Note how the dst-address covers both cilium pools. We don’t care which pool we need to reach, both are routable via 192.168.1.17.

With this setup, the router now knows that the return traffic should go to 192.168.1.17, and it will reach the pod once the CNI sees it.

For the VPN case the flow is only slightly different:

In here, the mangle rule triggers and changes the default gateway, that causes RouterOS to masquerade the traffic from 10.2.0.2. it flows into the VPN instead, and Google Pubnlic DNS sees the request from a different IP. The way back is exactly the same, though.

The IPv6 case for the default pool is very similar, apart from no masquerading happening at all.
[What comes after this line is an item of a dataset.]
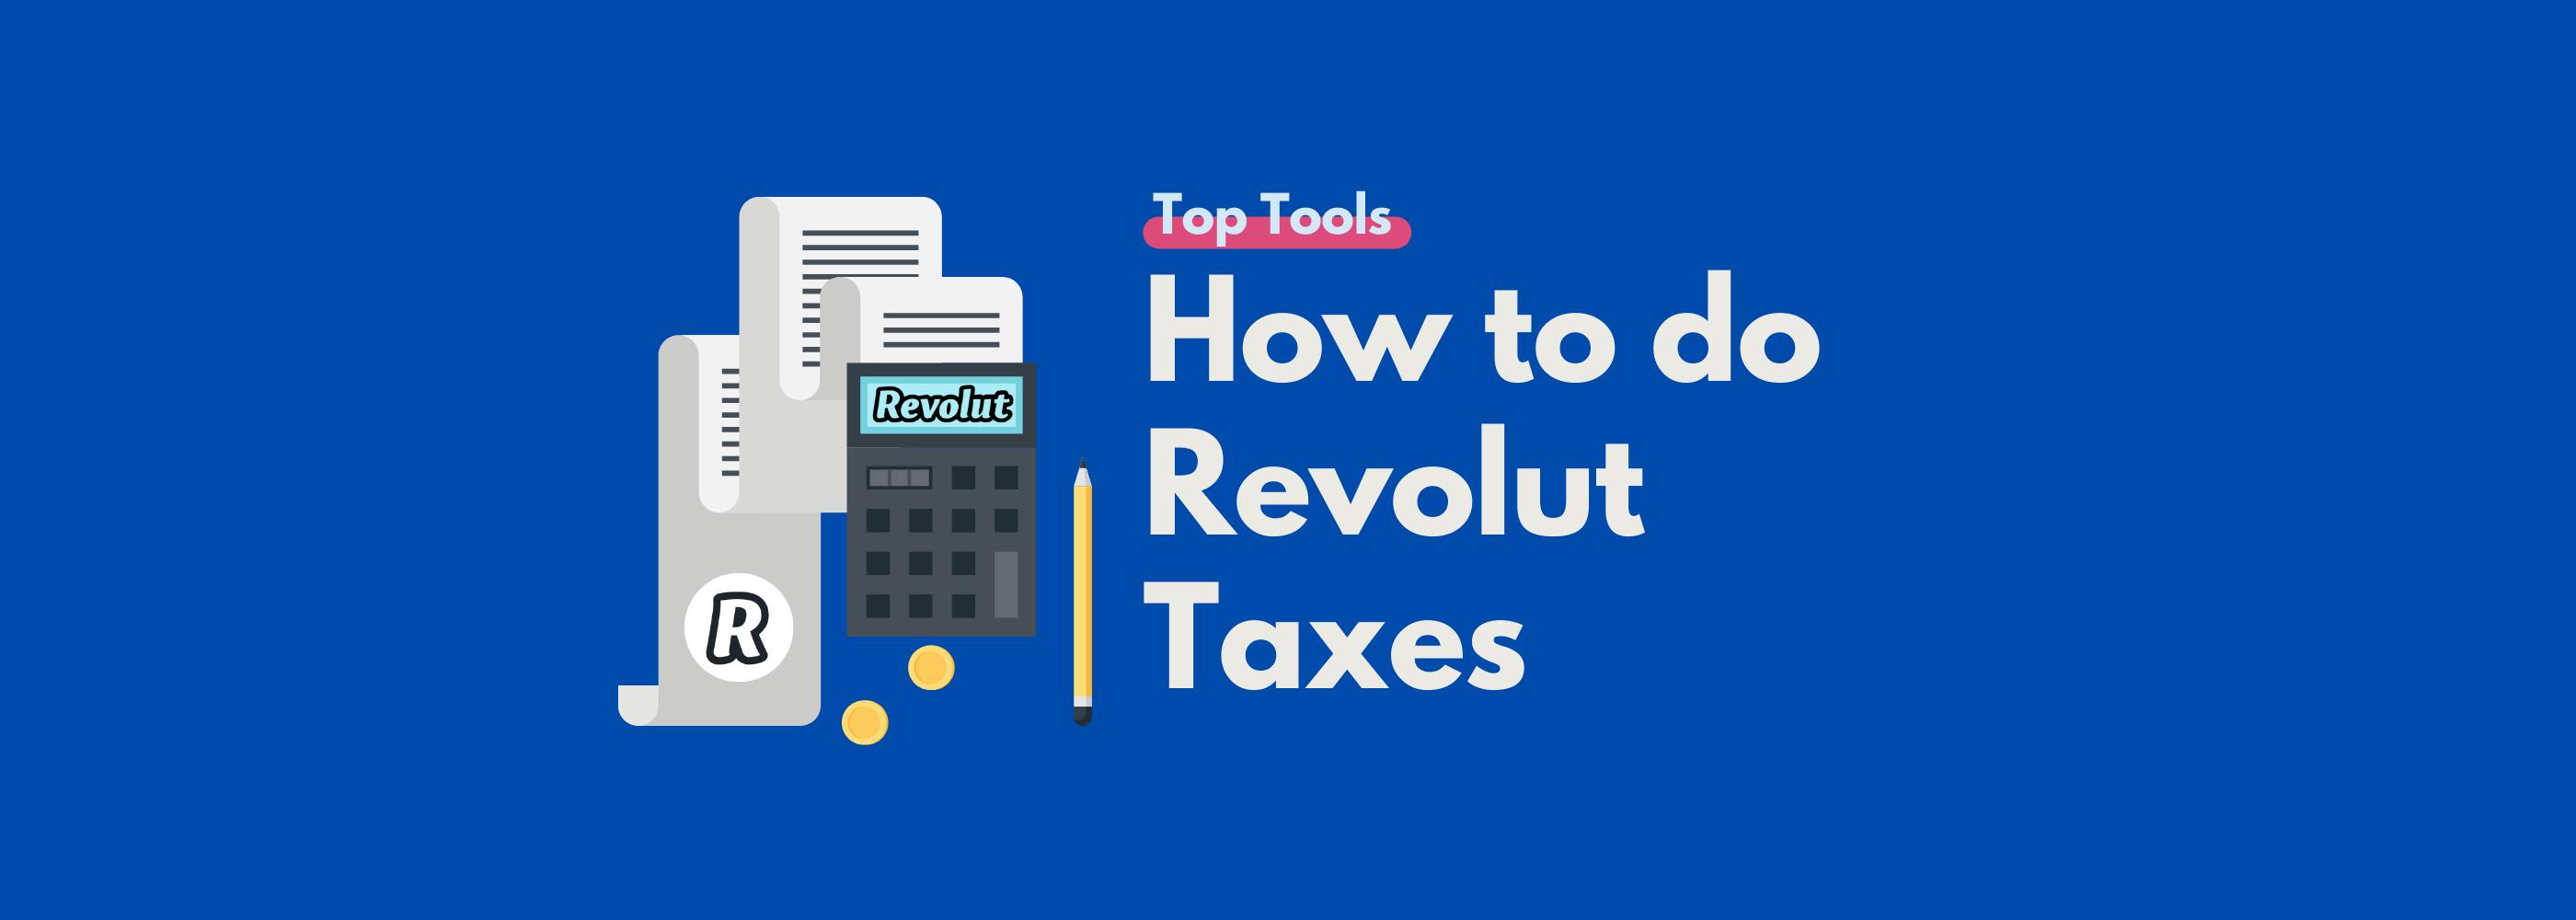 How to do Revolut Taxes

As pods have the public addresses already, it’s only the matter of having the return routes set:

The traffic flows directly from the pod to google public DNS (yes, the remote will see the unique pod IP address here), and back. No address mangling, no complex rules, IPv6 is awesome.

Offloading the masquerading decisions from your CNI to the routers allows you to be more flexible with how the traffic navigates the tricky network topology. Paired with cilium multi-pool it allows your routers some awareness on what kind of payload the traffic originates from, too.